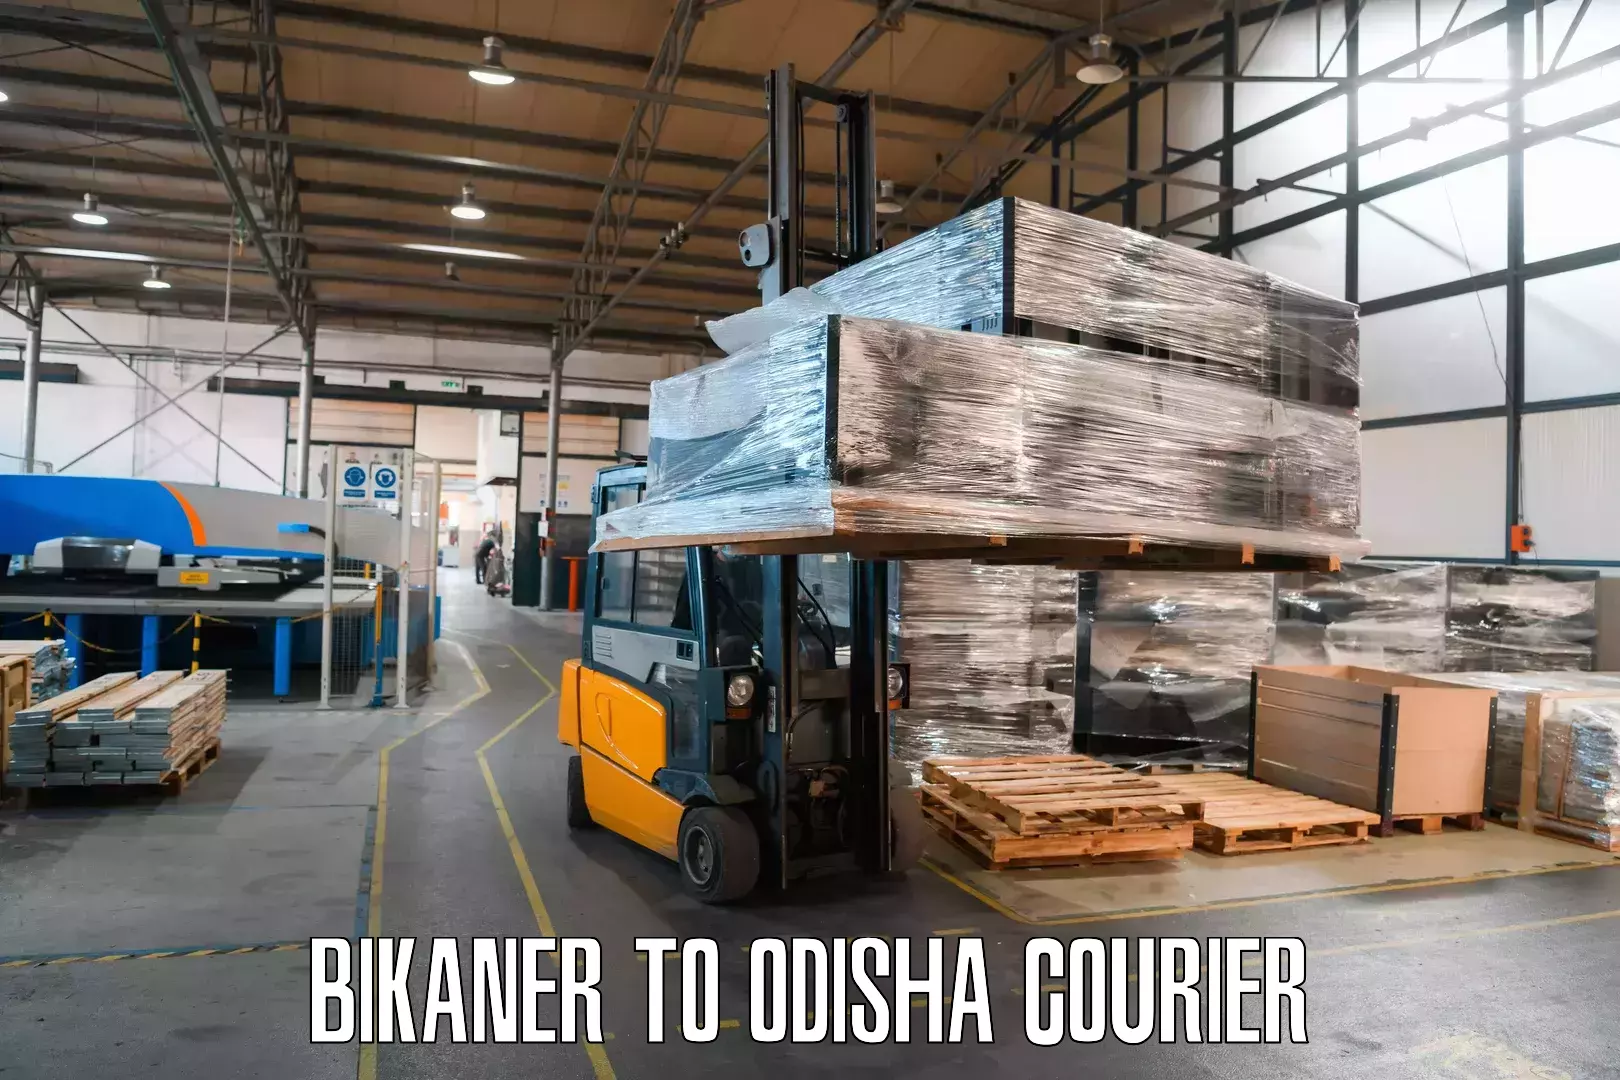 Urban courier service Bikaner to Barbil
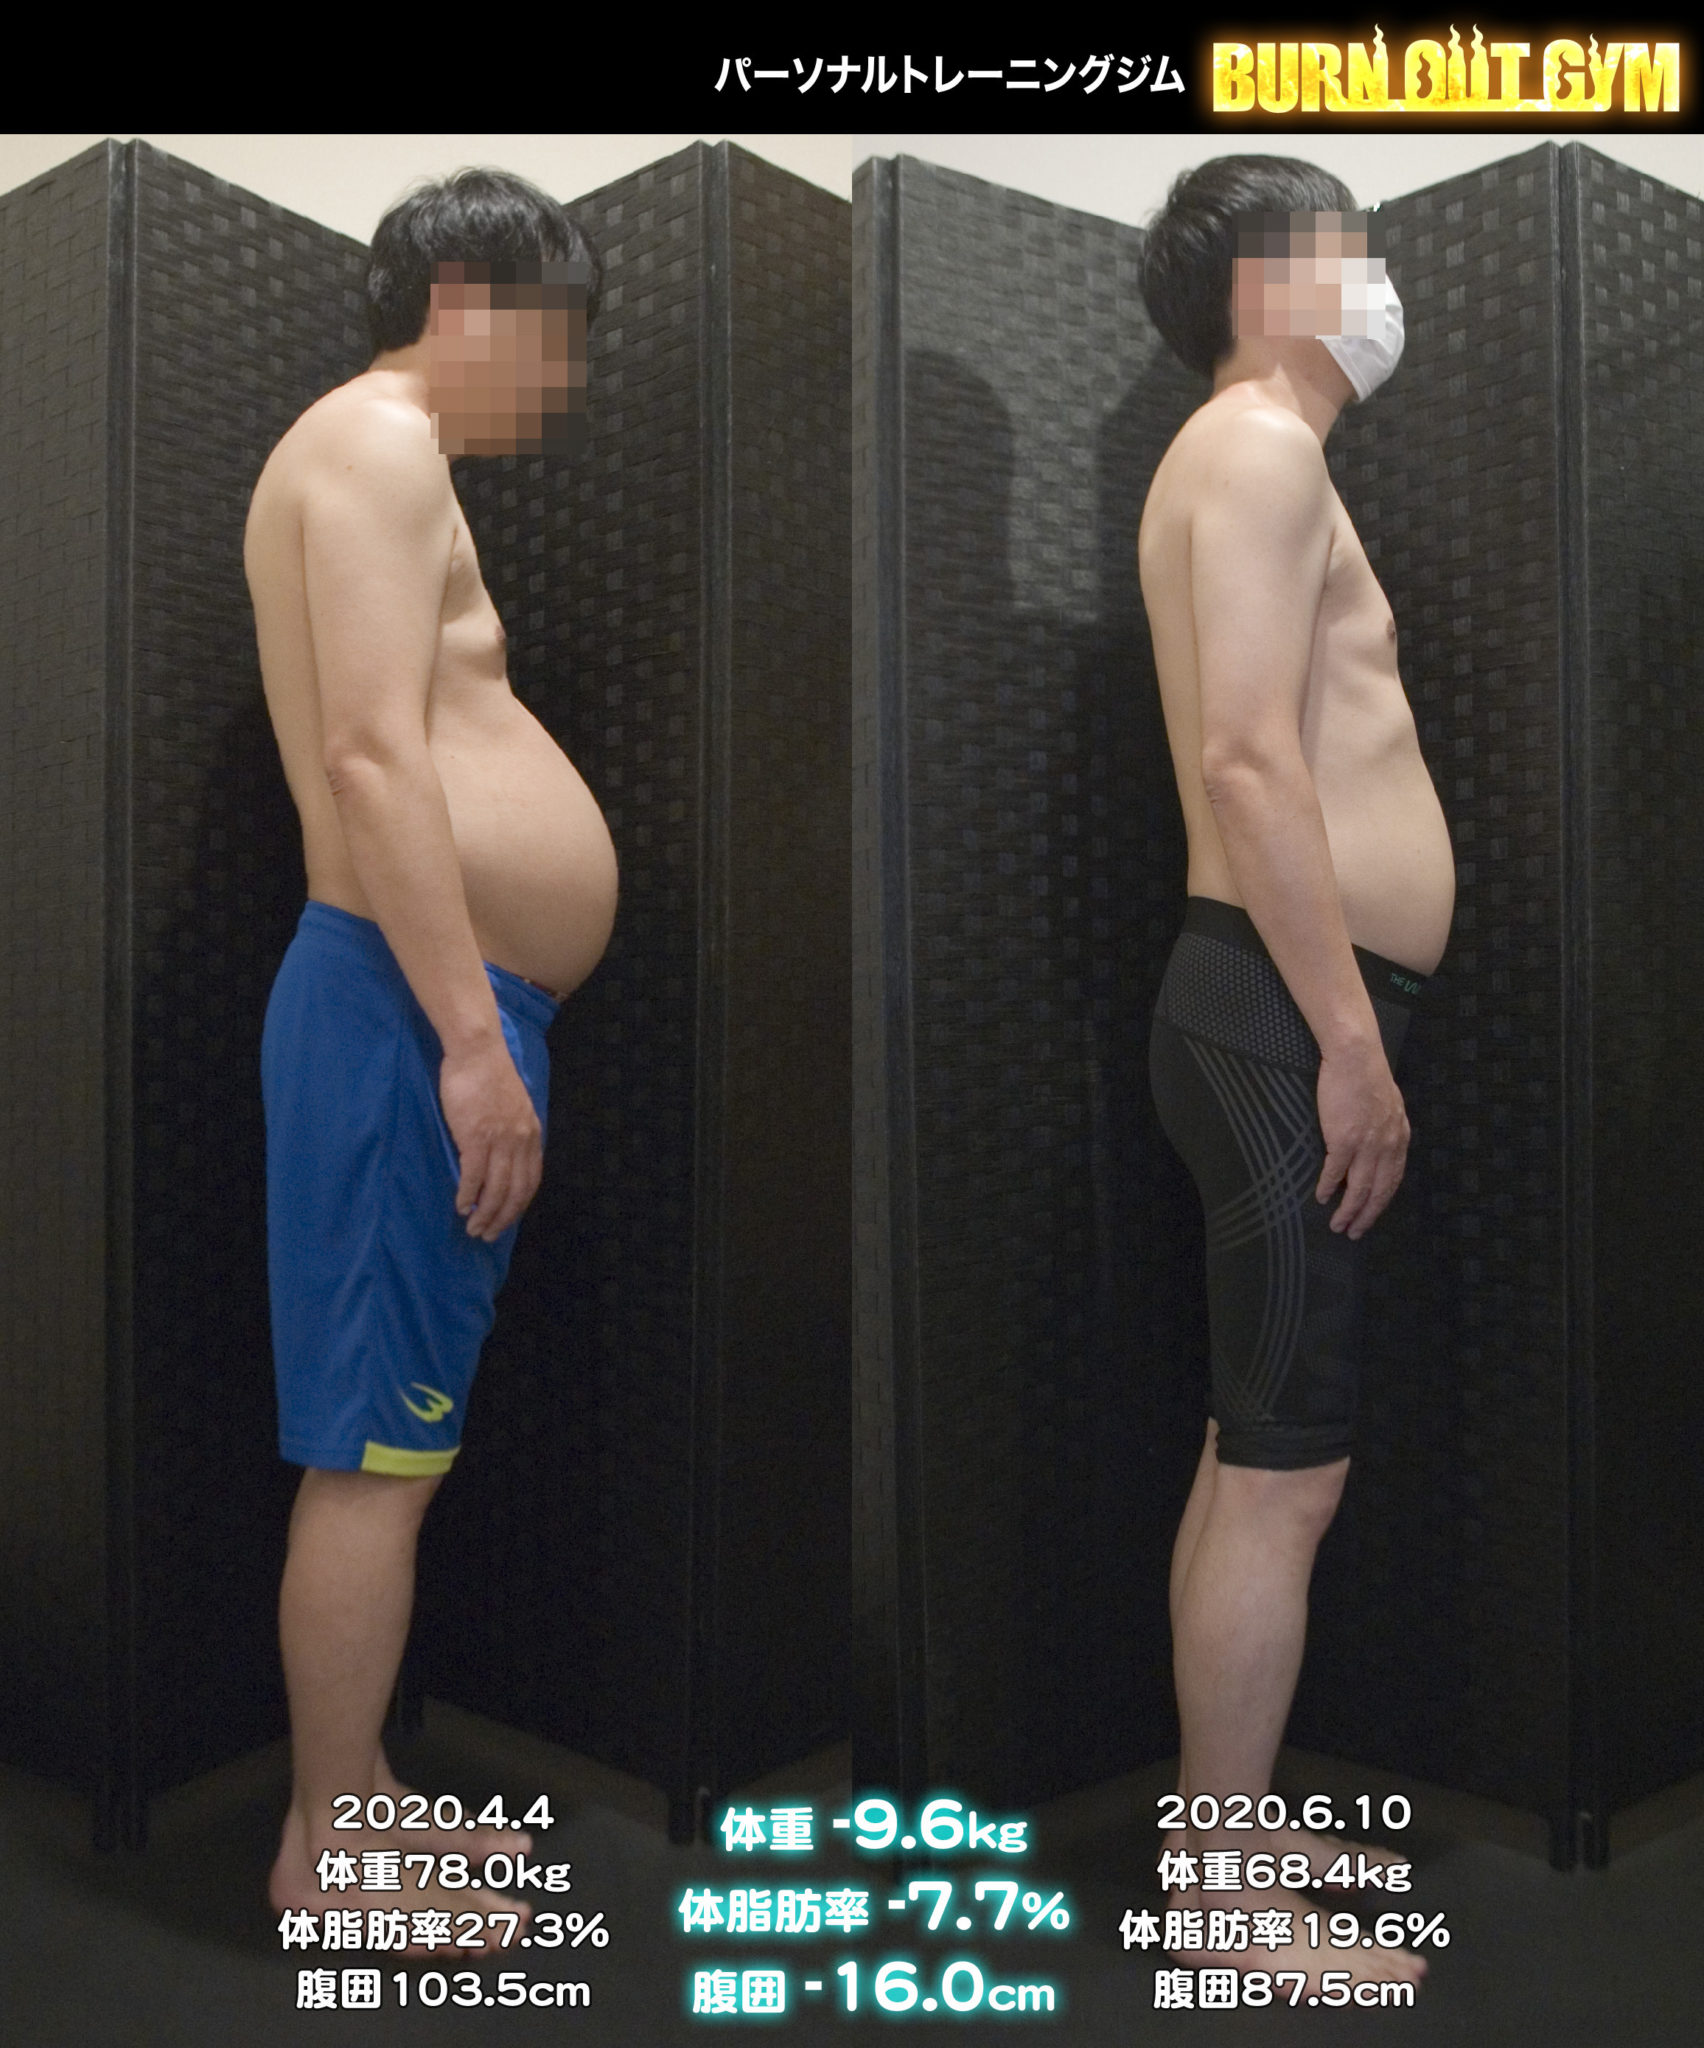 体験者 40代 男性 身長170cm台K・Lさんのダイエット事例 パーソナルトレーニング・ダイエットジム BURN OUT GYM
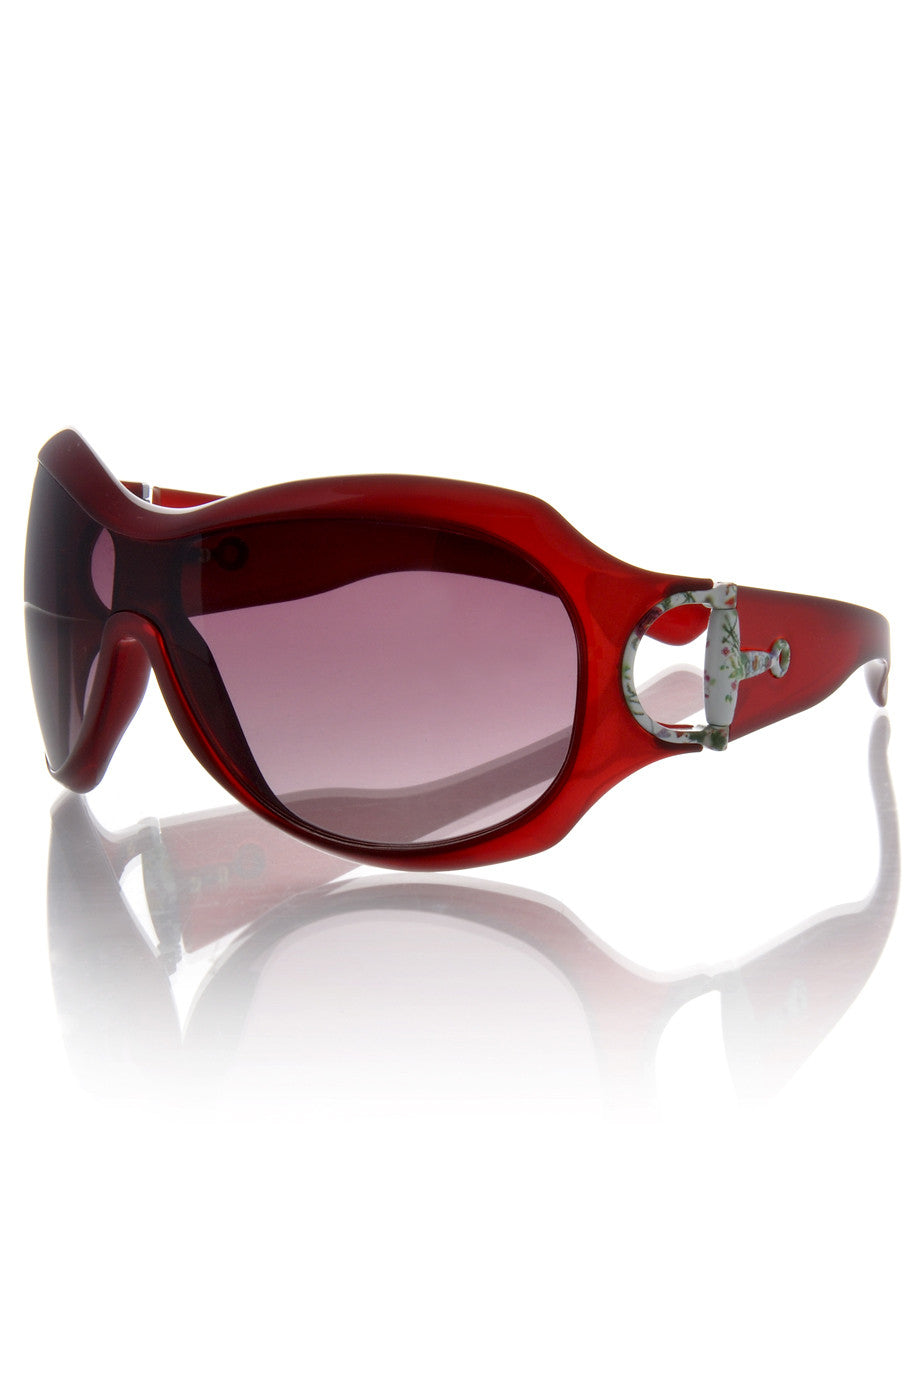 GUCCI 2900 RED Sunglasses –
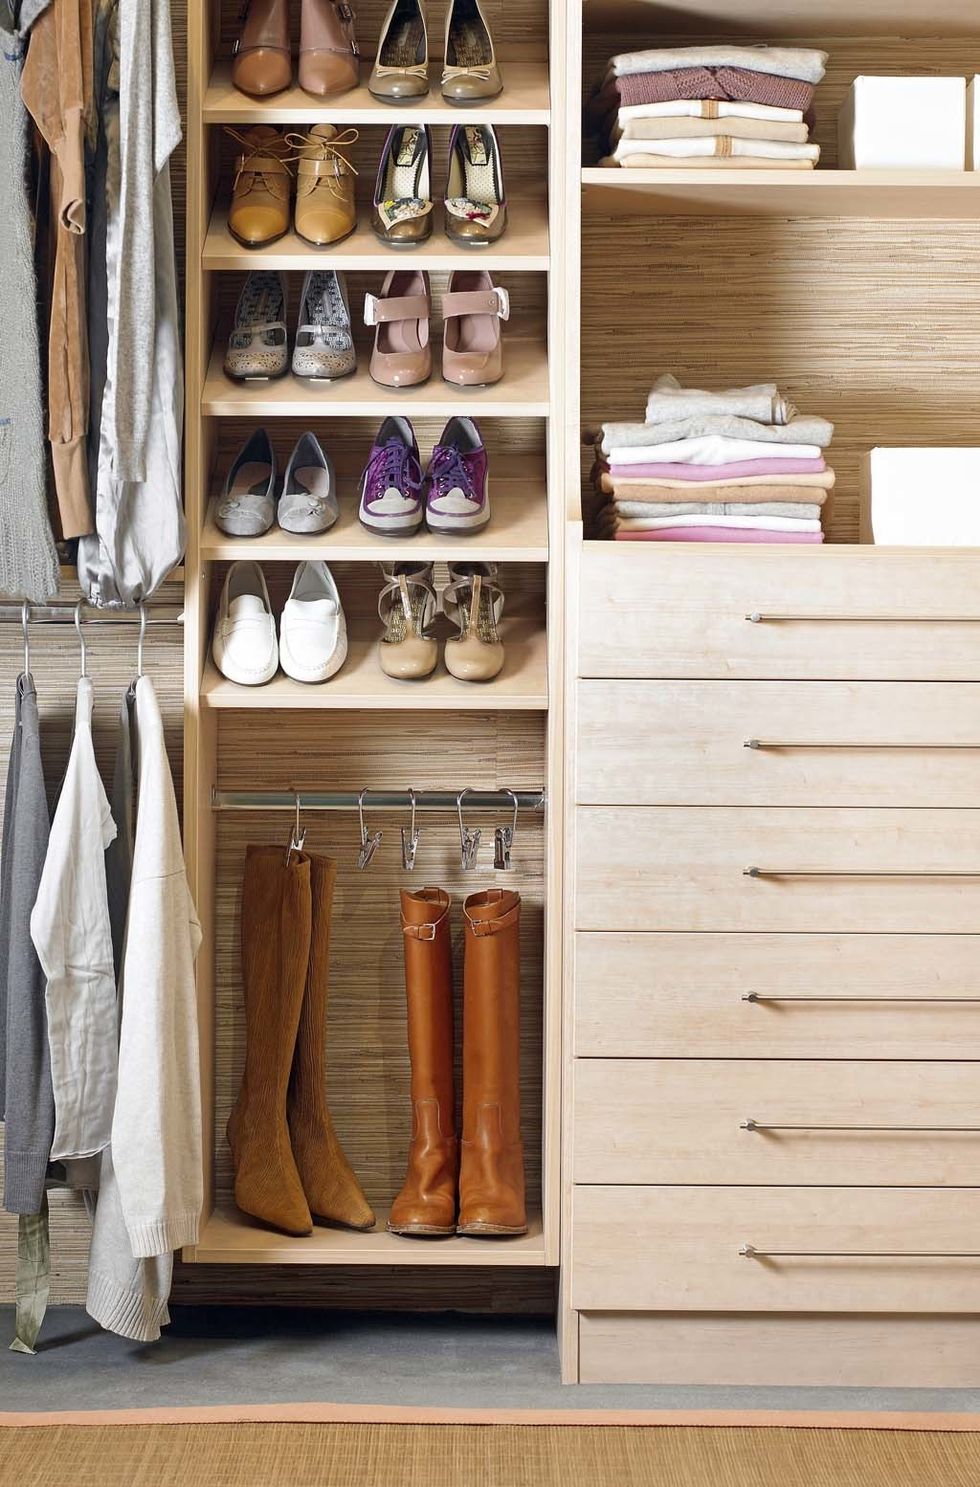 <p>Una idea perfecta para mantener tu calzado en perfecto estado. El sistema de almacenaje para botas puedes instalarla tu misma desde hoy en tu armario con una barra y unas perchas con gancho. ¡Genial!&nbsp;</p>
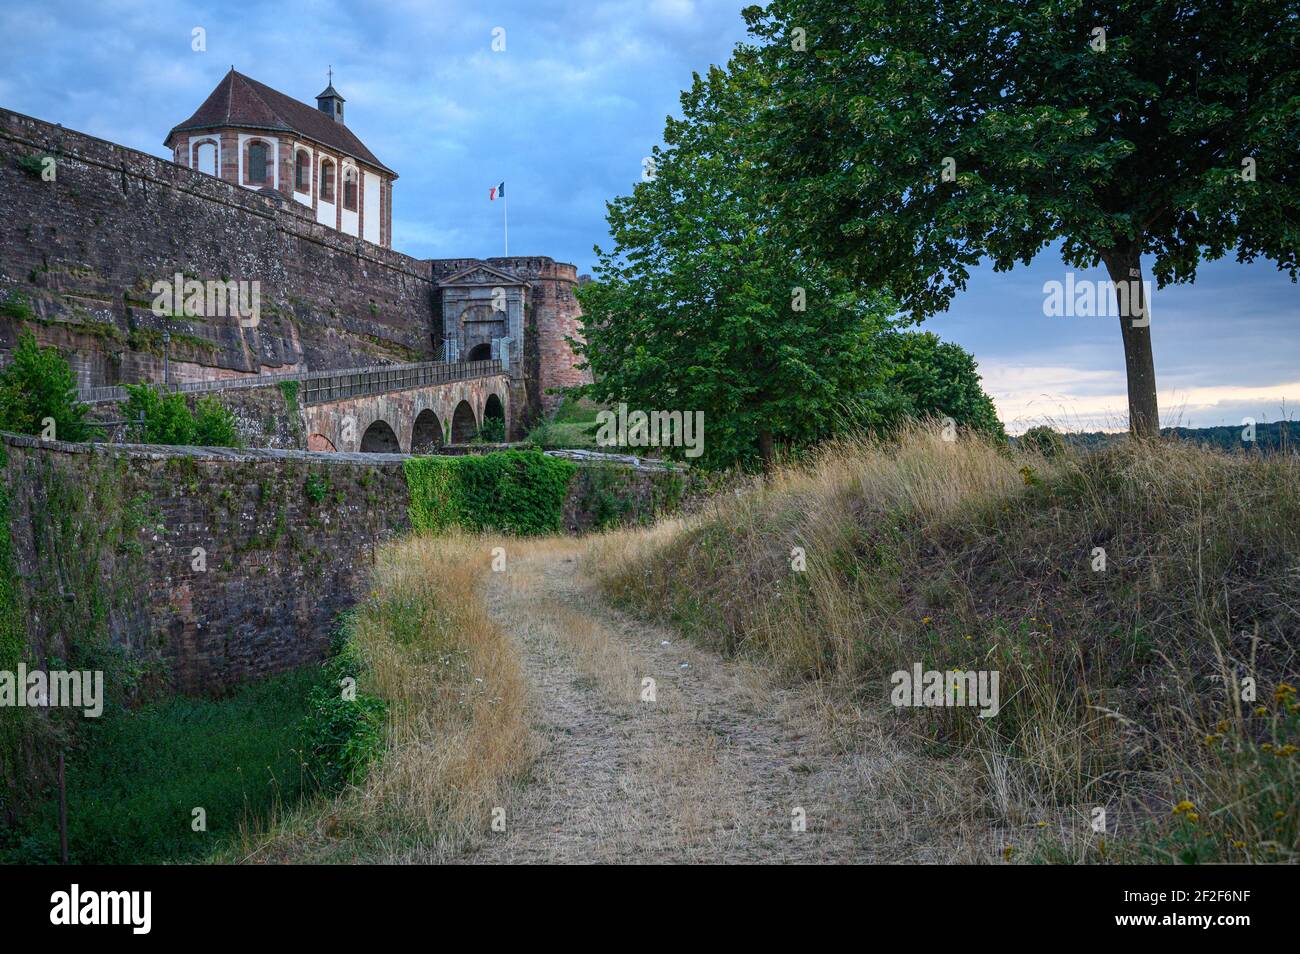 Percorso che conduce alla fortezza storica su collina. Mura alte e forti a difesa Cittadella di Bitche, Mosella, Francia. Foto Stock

····················

**Aim of the task**
Leave the pictures out and reproduce exactly the lines from the top of the listing above through the line with "GUCCI 2900 RED Sunglasses –".

**Expected answer**
 Urban courier service Bikaner to Barbil
 体験者 40代 男性 身長170cm台K・Lさんのダイエット事例 パーソナルトレーニング・ダイエットジム BURN OUT GYM
 GUCCI 2900 RED Sunglasses –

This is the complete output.